One perspective on this is that we assume by default players have no safe discards until we know for sure someone has one. Both of these forumations are approximately equivalent to what is in the doc: no chops until ten points.
Everything here about safety makes a big assumption: that we will not run out of clues. In general, this is the fundamental downside to care in clue meanings. H-live discusses a version of this concept as care with clue efficiency: the ratio between numbers of cards left to play to clues left available. I prefer to think of a game of Hanabi as optimizing both our plays and our discards, making this framing of clue efficiency less useful.

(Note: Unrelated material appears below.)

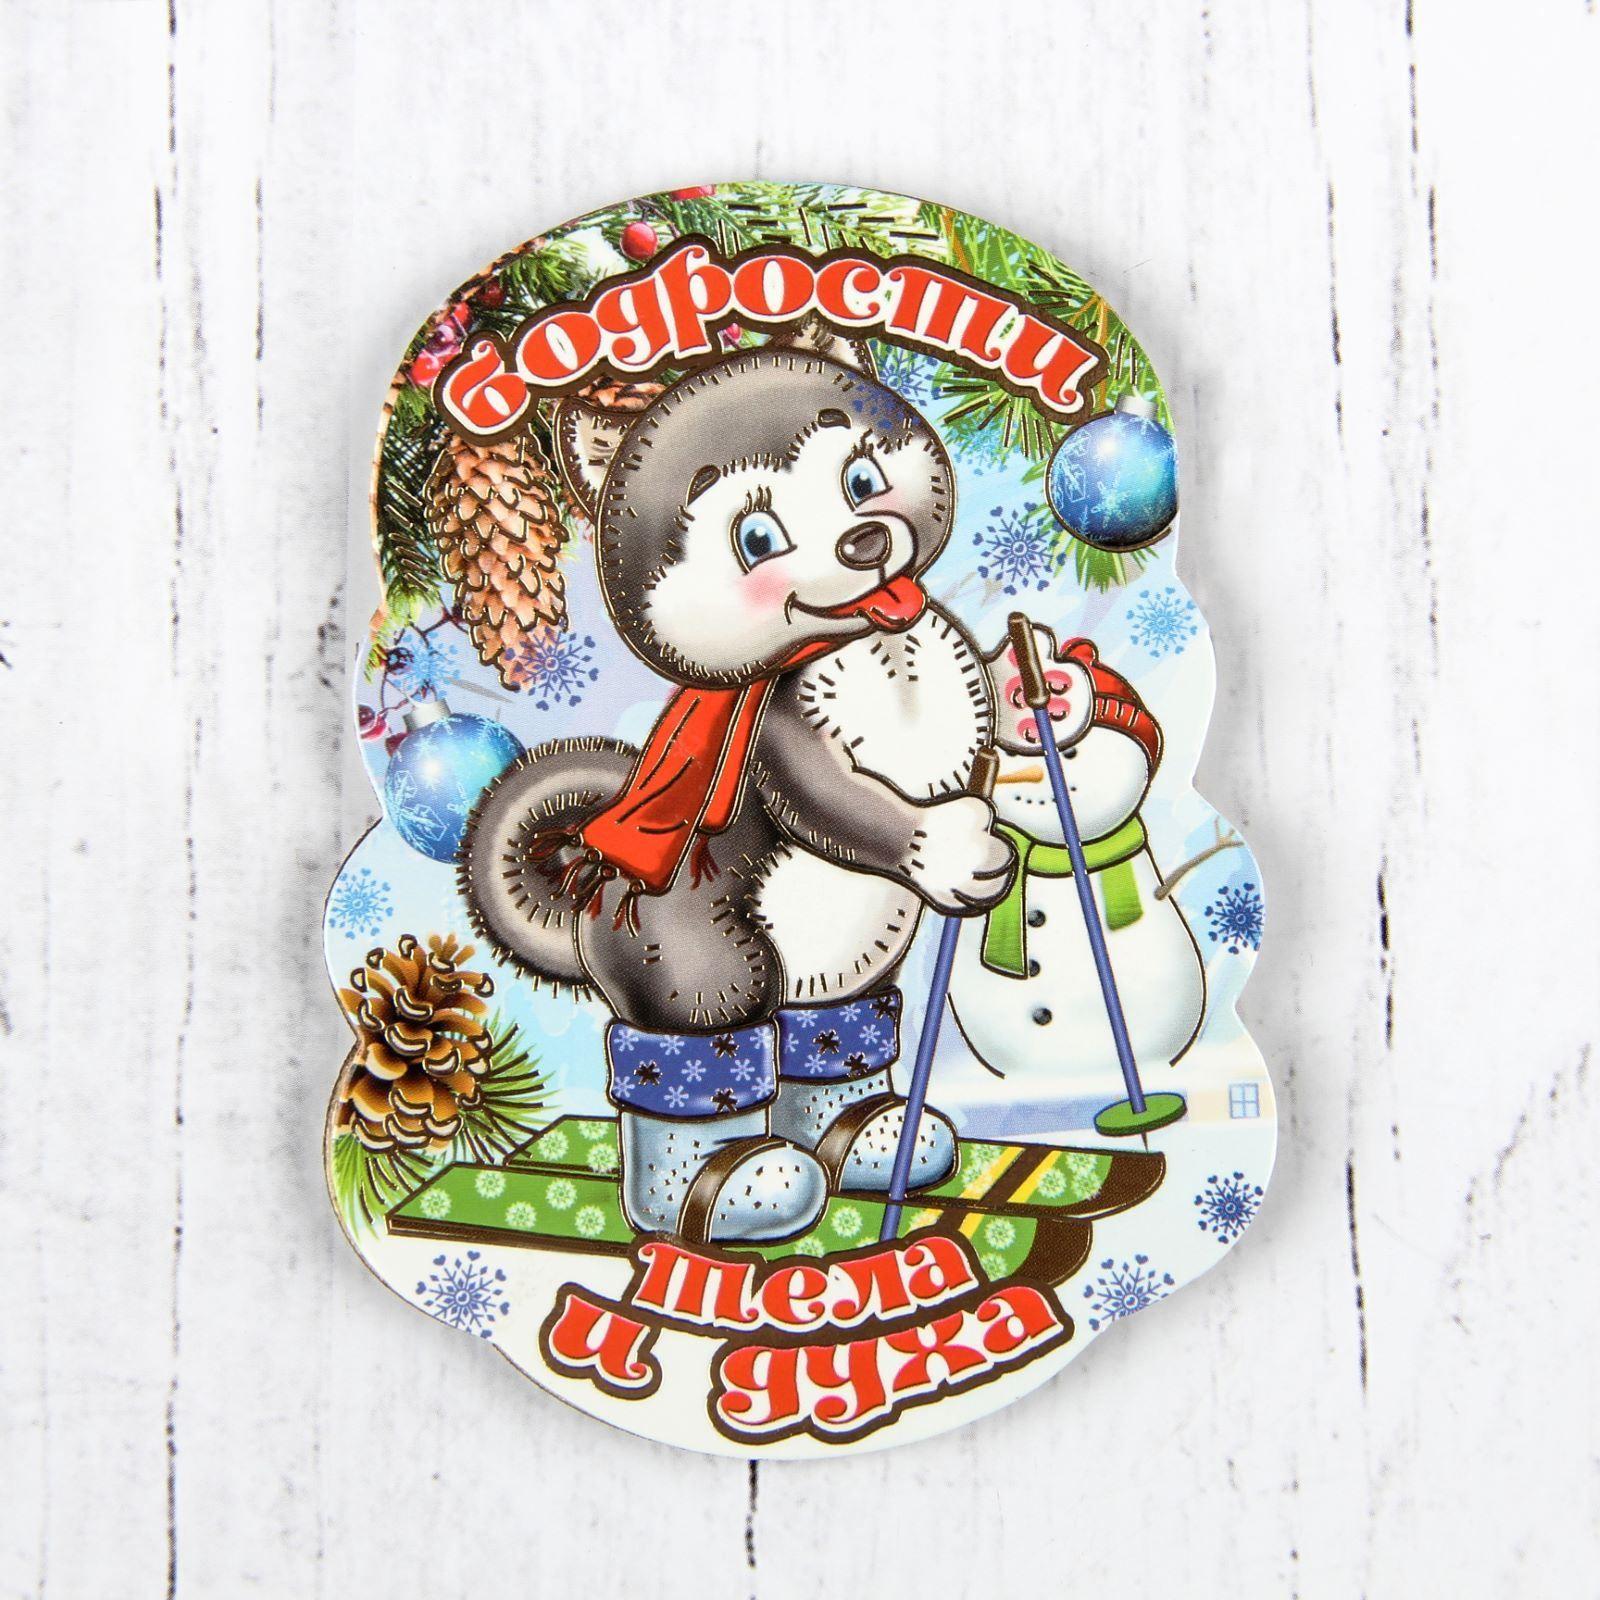 Магнит Sima-land Новогодний. 2018, 10 х 7,5 см. 25323992532399Порадуйте родных и близких оригинальным сувениром: преподнесите в подарок магнит. С ним даже самый серьёзный человек почувствует себя ребёнком, ожидающим чудо! Создайте праздничное настроение, и оно останется с вами на весь год.

One thing we've discussed for stable clues is using them to provide information to the reciever as well as an action to the reacter. I think this is an extremely promising idea but I don't have a good idea of how to implement it. As such, it is left out of these conventions.
I think 1, 2, and 3 could reasonably be permuted in any way. 5 could be simply something else. 6 could come before 5 or even 4. Yet so it is written and so it shall be.
It would be nice if Alice could give 1-for-1s to Cathy even if Bob has no safe action when Cathy's hand is awkward: That is, Bob has no way to get a safe action from her with a single stable clue.
Suppose Alice has no safe action, and so she gives a clue. Before her next turn, she recieves a 1-for-1 she apparently could have gotten last turn (it says something other than telling a newly-playable card to play). She could assume it is trying to get a different action in some way.
One Option:
Color Clues
When a rank clue touches multiple cards, focus invert with left-bias. Become willing to discard a newly-touched card.
When a rank clue touches a single card, discard ??
A stable play clue is unnecessary if it could have been gotten reactively. This being defined is a benefit to stable play clues being direct and with color: knowing what card is playing lets the reacter decide far more often whether the clue could have been gotten reactively. That said, a toxicity assumption isn't currently in the doc, but maybe it should be.
Endgames are sometimes awkward with Reactor. I think we could define the endgame as ~15+ points or 2- pace, then use that adjust conventions accordingly. Like stable clue information, I don't have strong beliefs for how to implement this.
See here for an alternative solution to the chop problem: https://hackmd.io/G48yGOEYSHGM5hiIux4MbA
Both of these conventions are trying to get at a similar problem: when players are locked, it is important to be cycling the deck in order to draw the cards needed to unlock them. The difference is largely in how situations when two players have no trash are handled.
To compare scenarios, call a player hardlocked if they hold no playables or trash and have no OK discards. Call them softlocked if they hold no playables or trash but have at least one OK (inter-hand duplicate or 3/4 BDR) discard. To further analyze, we could break down softlocked states into even smaller cases depending.
Scenarios Chopless performs better
Scenarios Semi-spookiness performs better
Upon review, these have OK but imperfect decisionmaking between conventional acions. I think they demonstrate the system's strength well.